How to Build a Smarter AI Agent with a "Tool Router"

Have you ever felt like your AI agent is a brilliant intern who’s also incredibly distractible? You give it a simple task, but because it has access to a dozen different tools—a web browser, a code interpreter, a database—it gets confused, picks the wrong one, or just hallucinates a tool that doesn’t even exist.

It’s a common problem. We want our agents to be capable, so we load them up with every tool we can think of. But this often backfires. It's like putting a chef in a kitchen with every gadget ever invented and asking them to make a simple omelet. They might spend more time trying to figure out whether to use the sous-vide machine than actually cracking the eggs.

What if there was a better way? What if, instead of giving the agent the entire kitchen, we had a smart manager—a sous-chef—who looked at the recipe and said, "For this omelet, you'll need a whisk, a pan, and a spatula. That's it."

That’s exactly what we’re going to build today. We're going to create an AI agent system with a "router" that intelligently decides which tools to show the agent for any given task. This concept, inspired by principles from the Model Context Protocol (MCP), is all about dynamic capability exposure. It’s a fancy term for a simple, powerful idea: only give the agent the tools it actually needs, right when it needs them.

This makes the agent faster, less prone to error, and a whole lot easier to understand. So, grab a coffee, and let's build a smarter, more focused AI assistant from the ground up.

First Things First: Setting Up Our Workshop

Before we start building our agent, we need to get our workspace organized. This is the part where we lay out all our parts and make sure we have the right nuts and bolts. In our case, that means setting up the Python environment and defining the "language" our system will use to communicate.

We'll be using a handful of common Python libraries like OpenAI for the brain, Pydantic for creating structured data models, and a few others for things like web search and data handling. If you've worked with AI agents before, this should look pretty familiar.

The really important part here is defining our data structures. Think of these as blueprints. We need a clear, consistent way to describe a tool, a plan, a decision, and a result. Without this, different parts of our system would be speaking different languages, leading to chaos.

So, we create simple classes for things like:

• ToolSpec: The "ID card" for each tool. It lists its name, what it does, and what kind of input it needs.
• ToolCall: A specific request to use a tool, like "use the web_search tool with the query 'latest AI news'."
• RouteDecision: The notes from our "manager" explaining which tools were selected and why.
• PlanOutput: The agent's step-by-step plan for how it's going to use the tools.
• ToolResult: The outcome of a tool call, whether it was a success or an error.

By defining these upfront, we ensure that every component, from the router to the agent, knows exactly what to expect.

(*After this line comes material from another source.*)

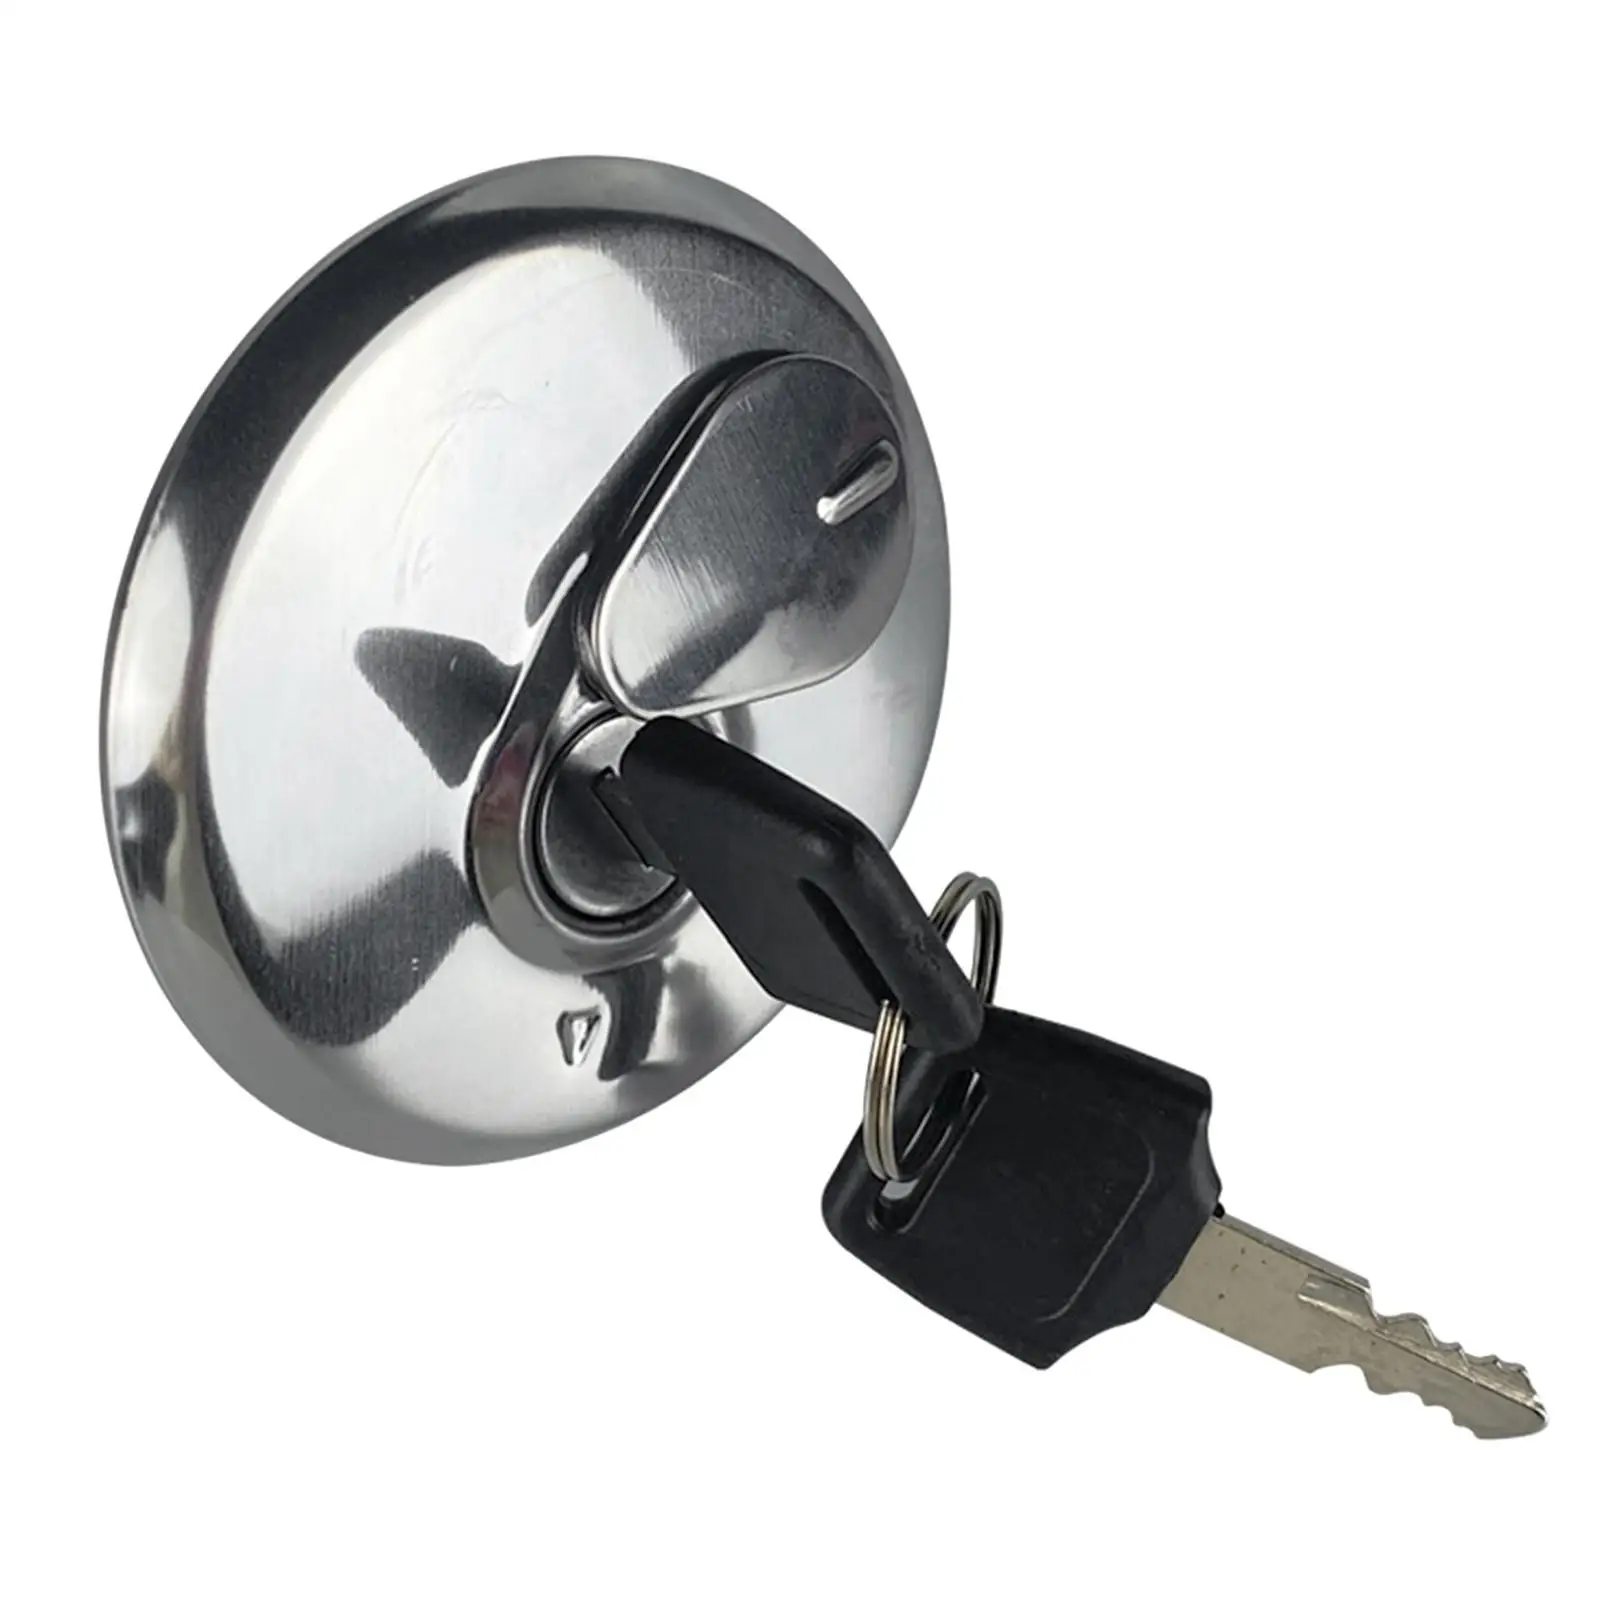 Motorbike Fuel Gas Tank Cap Cover with Lock Keys Replaces for Suzuki Gn125 High Performance Supplies Accessories Parts

It’s the boring-but-essential groundwork that makes everything else possible.

We’ll also create a small, local knowledge base—just a few text snippets about the concepts we're using. This will let us build a simple retrieval tool, giving our agent a "local memory" it can consult for internal knowledge.

Stocking the Toolshed: Our Agent's Capabilities

Okay, our workshop is clean and our blueprints are ready. Now it's time to build the actual tools our agent can use. An agent is only as good as the tools it has access to, so we'll give it a few powerful, distinct capabilities.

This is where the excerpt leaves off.